Kein Wunder, daß er jetzt undankbar das Gesicht verzog, während er seine Lederhose von der Lehne zerrte und sich hineinzwängte.
»Wo sind sie?«
»Zehn Stockwerke über Ihnen«, beruhigte ihn Rubra. »Keine Sorge, uns bleibt jede Menge Zeit. Ich habe bereits einen Fluchtweg vorbereitet.«
»Ich habe nachgedacht. Vielleicht sollten Sie mich zu einem Waffendepot oder so etwas führen. Ich könnte versuchen, die Rechnung ein wenig auszugleichen.«
»Wir wollen uns lieber auf das Wesentliche konzentrieren, ja? Außerdem, wenn Sie nahe genug an einen Besessenen herankommen, um eine Waffe einzusetzen, dann ist er auch nahe genug, um Sie anzugreifen.«
Tolton blickte zur Decke hinauf. »Sie meinen, ich könnte das nicht?«
»Ich danke Ihnen wirklich für das Angebot, mein Freund, aber es sind einfach zu viele. Sie in Freiheit zu behalten ist mein Sieg über die Besessenen, verderben Sie mir das nicht.«
Tolton hakte den Prozessorblock in seinem Gürtel fest und band sein langes Haar zu einem Pferdeschwanz zusammen. »Danke, Rubra. Ich glaube, wir alle haben Sie ganz falsch eingeschätzt. Ich meine, wahrscheinlich ist es Ihnen scheißegal, aber wenn diese Geschichte vorbei ist, werde ich der ganzen Konföderation erzählen, was Sie getan haben.«
»Das wäre ein MF-Album, das sogar ich kaufen würde. Das erste seit vielen Jahrzehnten.«
Tolton trat zur Tür des Appartements, atmete mehrmals tief durch, streckte und dehnte sich wie ein Hochleistungssportler, nickte knapp und sagte dann: »In Ordnung. Dann wollen wir mal.«
Rubra verspürte ein hartnäckiges Gefühl von Sympathie und – merkwürdig genug – Stolz, als der Poet hinaus in das Vestibül trat. Als Kiera mit der Übernahme von Valisks Einwohnern begonnen hatte, war Rubra fest überzeugt gewesen, daß Tolton sich höchstens ein paar Tage halten würde. Jetzt war er einer von achtundvierzig Menschen, die noch nicht besessen waren. Einer der Gründe, weswegen er so lange durchgehalten hatte, war die Tatsache, daß er Rubras Anweisungen buchstabengetreu ausführte. Mit einem Wort: Er vertraute Rubra. Und Rubra wollte verdammt sein, wenn er zuließ, daß Bonney ihn jetzt noch bekam.

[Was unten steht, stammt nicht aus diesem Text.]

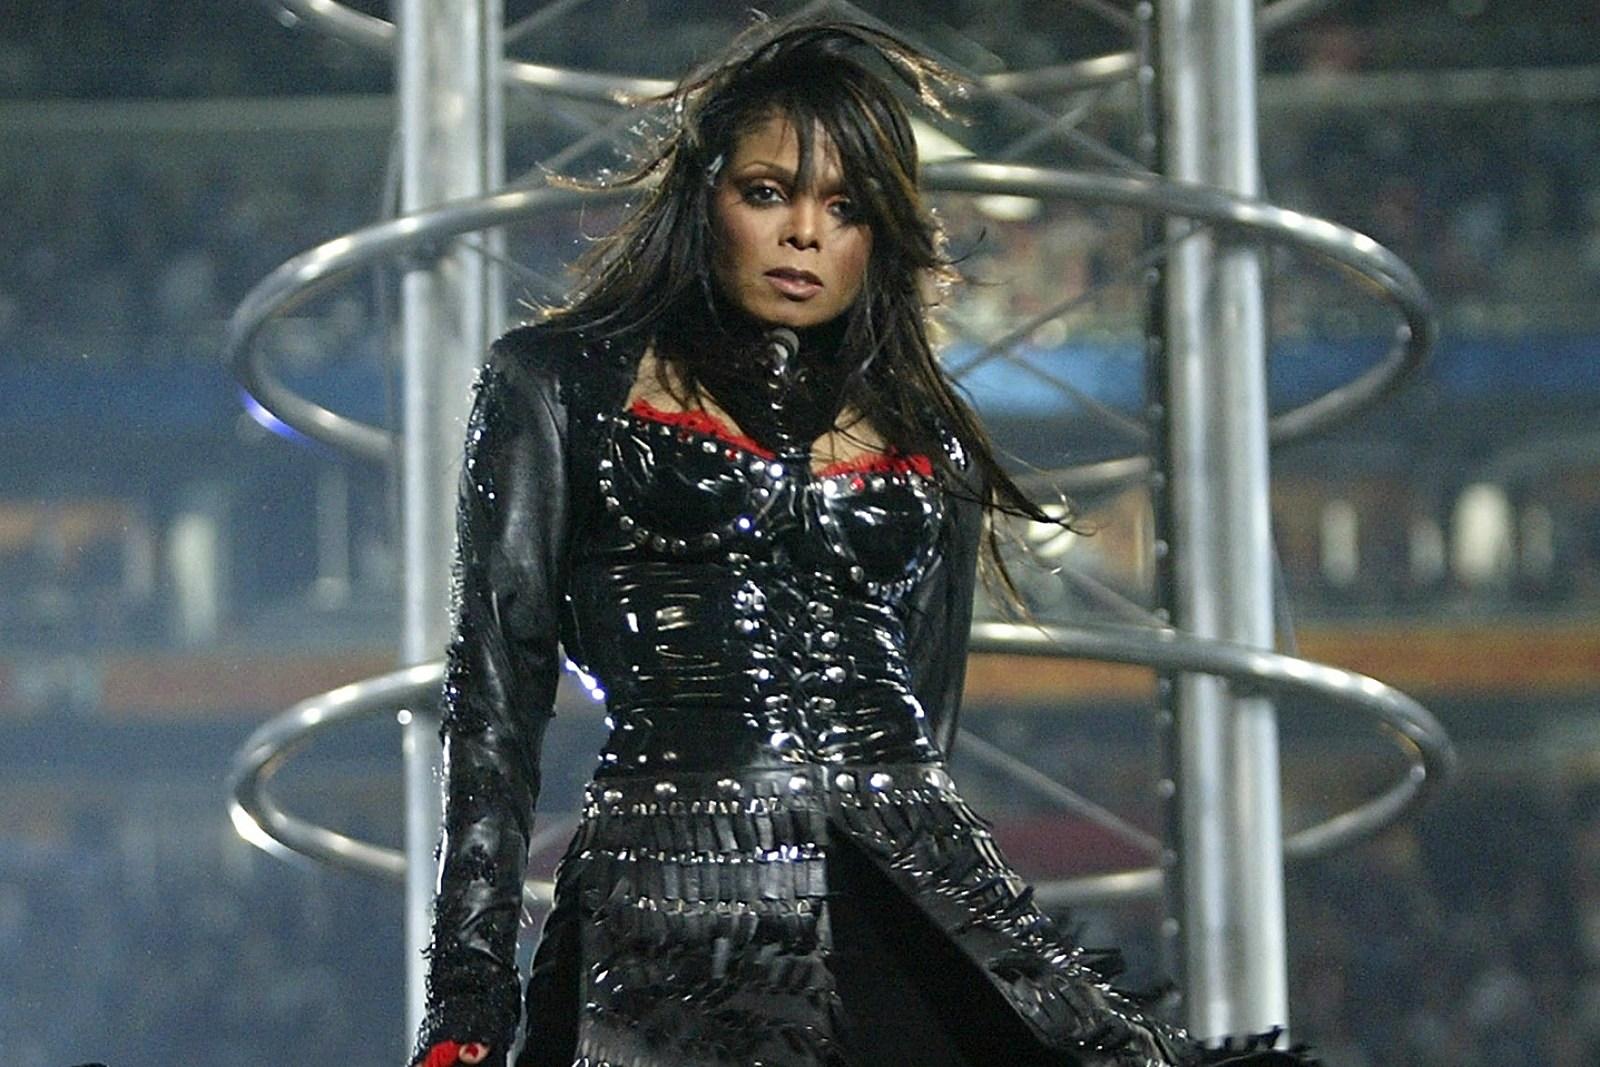 5 Reasons Janet Jackson Belongs in the Rock & Roll Hall of Fame

Die unsichtbare energistische Störung hatte sich wieder in Bewegung gesetzt; sie führte die Treppe hinunter. Rubra machte sich daran, den photonischen Ausstoß der elektrophosphoreszierenden Zellen des Treppenhauses zu manipulieren. HALLO BONNEY, schrieb er an die Decke. ICH MOECHTE IHNEN EINEN VORSCHLAG MACHEN.